I tryed to port my configuration for fail2ban from my Debian machines to FreeBSD (with the modification due the firewall has changed).

In my testing phase i have found out that the recognition works fine as under debian. My IP is under the fail2ban's internal banlist marked (`fail2ban-client status ssh` shows my IP as "currently banned").
The problem is, that i'm still not banned by pf.

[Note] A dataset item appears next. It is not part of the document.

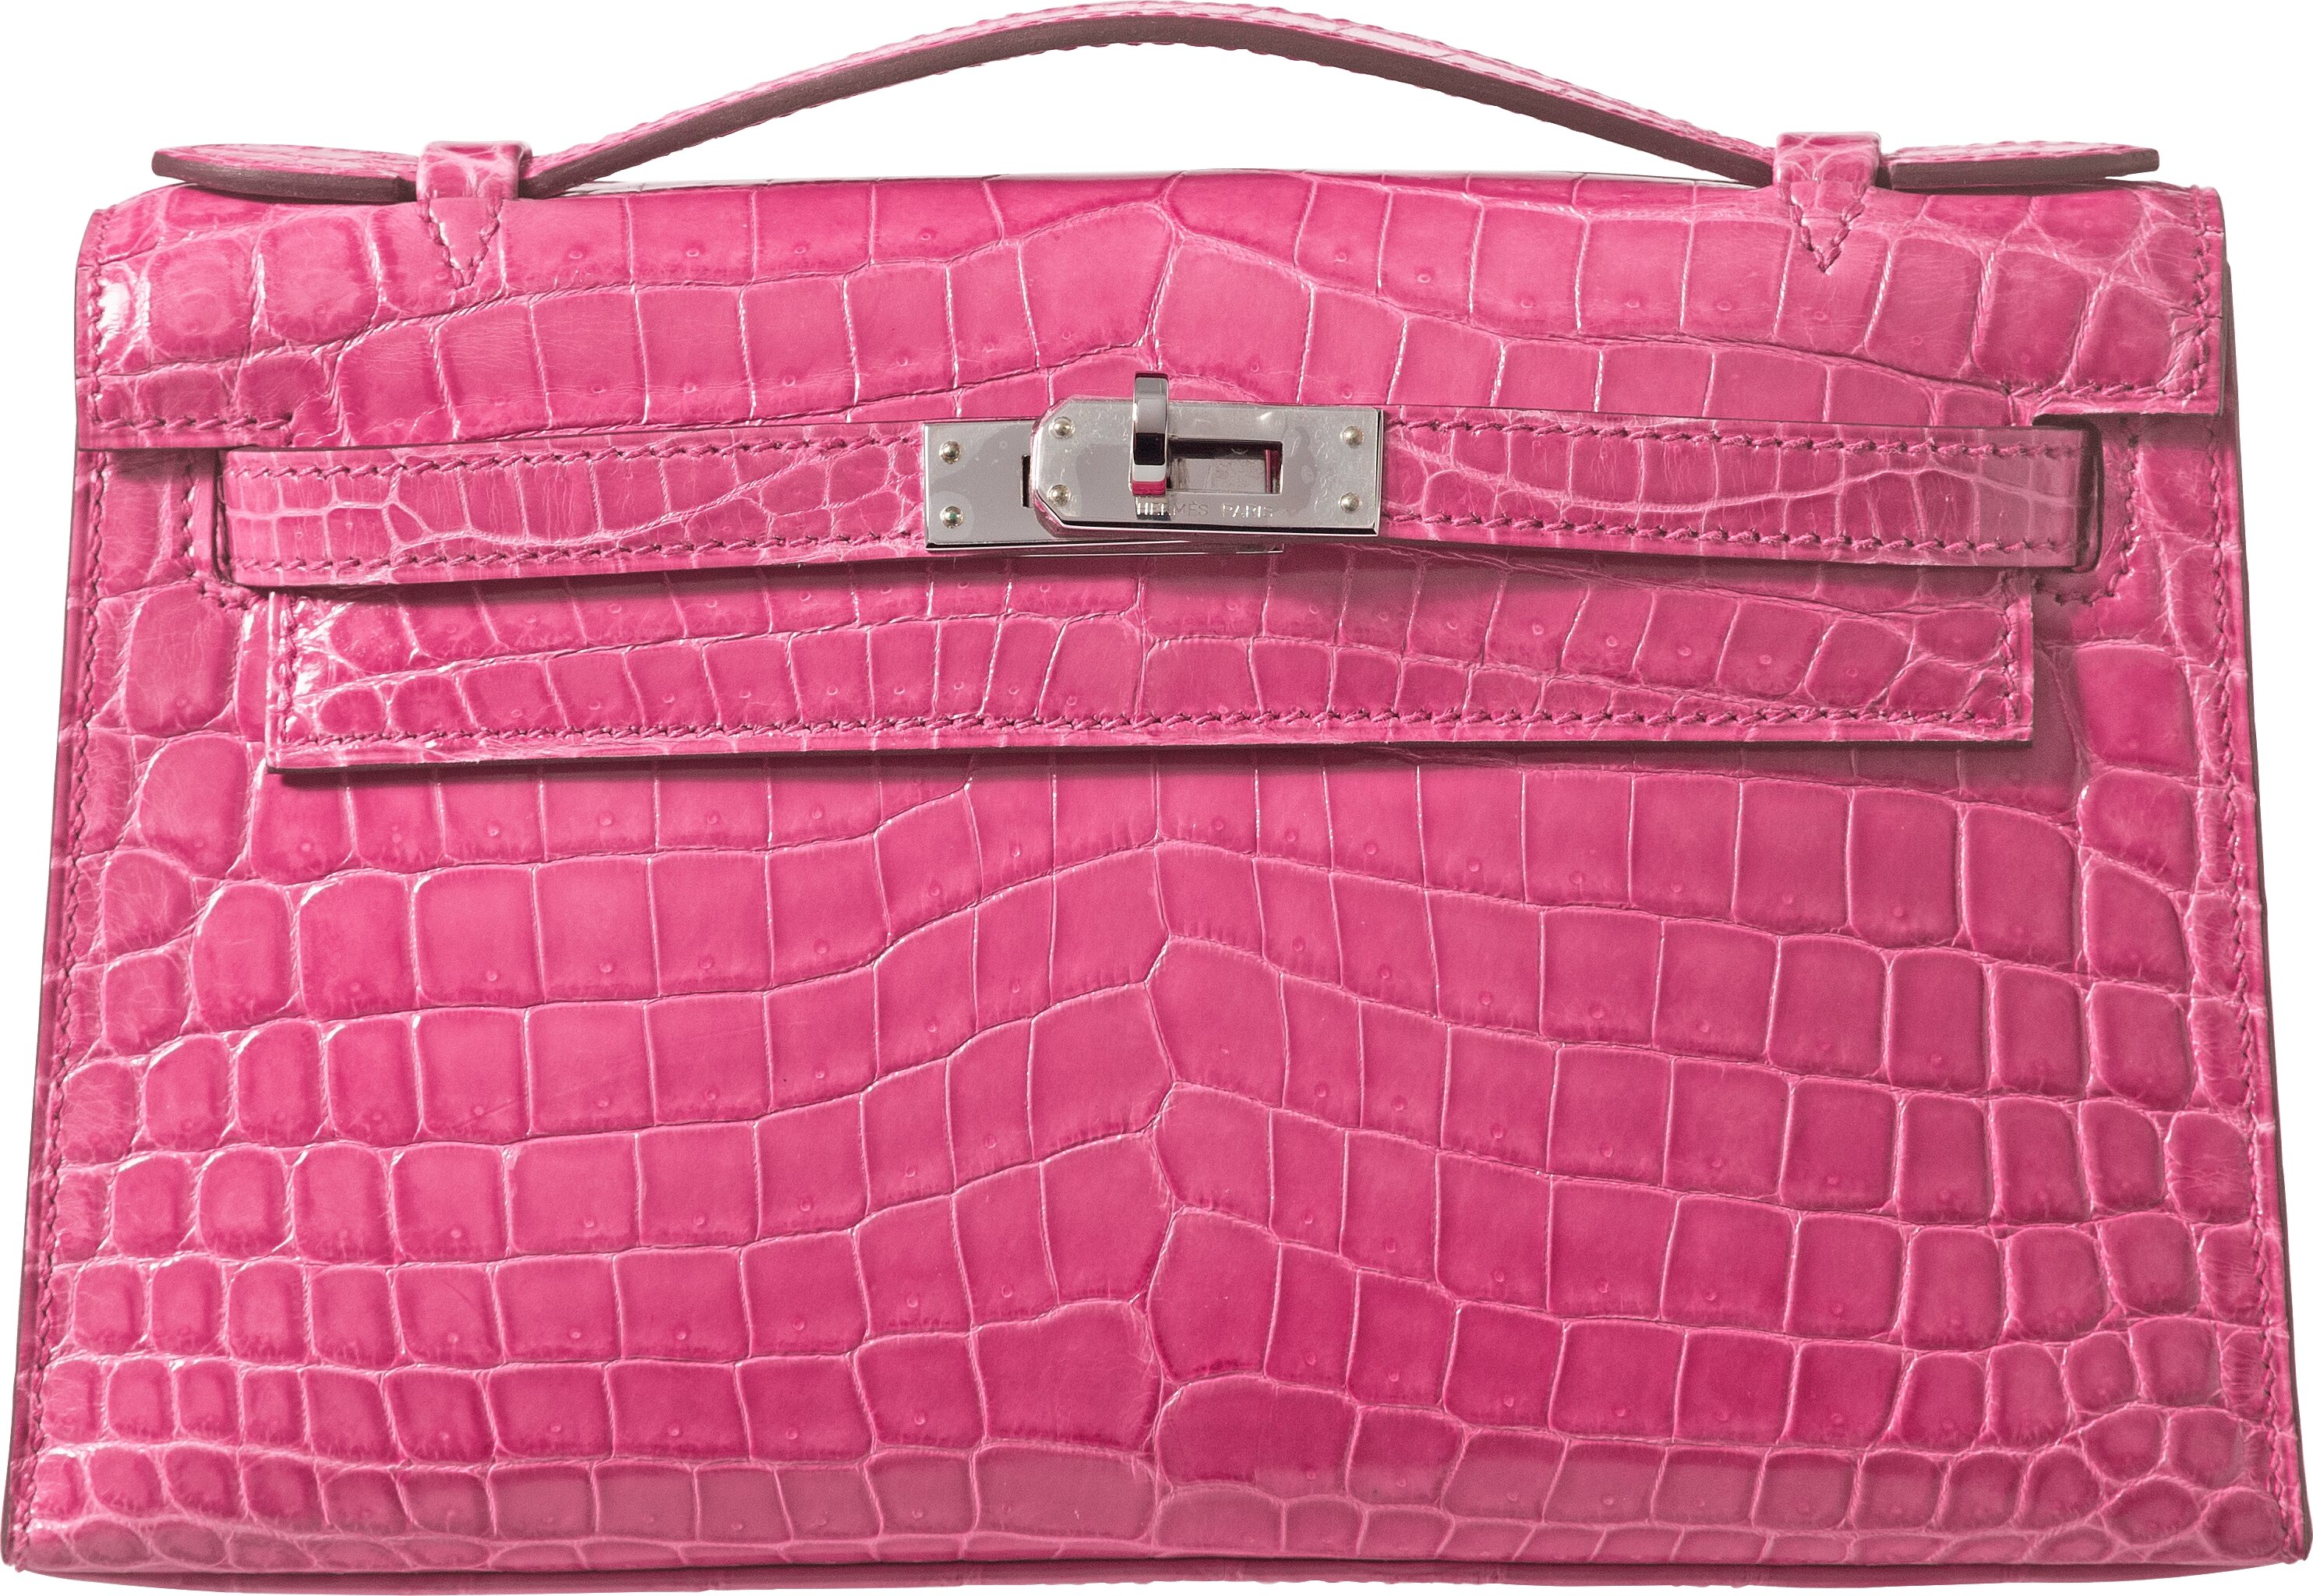 Sold at Auction: Hermes Fuchsia Pink Swift Leather Kelly Cut Pochette

When i try to ban myself via `/sbin/pfctl -t fail2ban -T add <ip>` it is working fine - pf will add me to my fail2ban table (connections will be refused).
I dont understand why it won't work..

My /usr/local/etc/fail2ban/jail.local configuration is:
Code:
[DEFAULT]

ignoreip = 127.0.0.1/8

# if 10 failures per 6 hours then ban the ip for 24 hours - that seems legit for me, i am the only sysadmin who can access to this systems
# i have in emergency cases every time access to this machines via vnc over my hostsystem
bantime  = 86400
findtime = 21600
maxretry = 10

backend = auto
usedns = warn

#banaction = iptables-multiport # ported from my debian configuration - inactive
protocol = tcp
chain = INPUT


# ported from my debian configuration - inactive
#action_ = %(banaction)s[name=%(__name__)s, port="%(port)s",
#protocol="%(protocol)s", chain="%(chain)s"]
#action = %(action_)s


actionban=/sbin/pfctl -t fail2ban -T add <ip>
actionunban=/sbin/pfctl -t fail2ban -T delete <ip>


[ssh]

enabled  = true
port     = ssh
filter   = sshd
logpath  = /var/log/auth.log

And my /etc/pf.conf is
Code:
# Bezeichnung vom Netzwerkinterface
ext_if="em0"

# erlaubt nur bestimmte Typen von ICMP requests
#icmp_types = "{echoreq, unreach}"
icmp_types = "echoreq"

# Blockiere alles was rein kommt
block in all

# gibt connection refused an den client zurueck anstelle ihn bis zum timeout (vom clientsystem festgelegt) warten zu lassen
block return

# aktiviert den IP spoofing Schutz fuer alle interfaces
block in quick from urpf-failed

# wendet Blockierungsmethoden an gegen IP spoofing fuers angegebene Netzwerkinterface oben
antispoof log for $ext_if


# erlaubt es, dass der server heraustelefonieren darf zb um sich updates zu holen; er darf egal mit welchem Proto hintelefonieren wohin er will
# CHANGEME wird spaeter weiter eingeschraenkt
pass out keep state

# so sieht generell eine Freigaberegel aus - hier fuer ssh
pass in quick on $ext_if inet proto tcp from any to $ext_if port 22

# icmp Freigabe eingehend
pass in quick on $ext_if inet proto icmp all icmp-type $icmp_types keep state



#testabteilung

table <blockedips> persist file "/etc/pf.blocked.ip.conf"
block in quick on $ext_if from <blockedips> to any

table <fail2ban> persist
block in quick on $ext_if from <fail2ban> to any

My /etc/rc.conf is:
Code:
hostname="censored"
keymap="german.iso.kbd"
ifconfig_em0="inet censored netmask 0xfffffff0"
defaultrouter="censored"
ntpd_enable="YES"
dumpdev="AUTO"
#sshd_enable=TRUE #temporary disabled until the fail2ban firewall problem is solved
pf_enable="YES"
fail2ban_enable=TRUE

I'm sorry for my bad english (and the german comments.. just ignore them!).. :)


Thanks in advance!
 
Last edited:
Set banaction to pf.

i have tried the sample configuration of /usr/local/etc/fail2ban/jail.local from
with the recommended banaction.

I had restartet the fail2ban service but i have still the same problem.
fail2ban says to me that i'm banned (via `fail2ban-client status sshd`) but `pfctl -t fail2ban -T show` shows me nothing and i'm still able to connect to the server.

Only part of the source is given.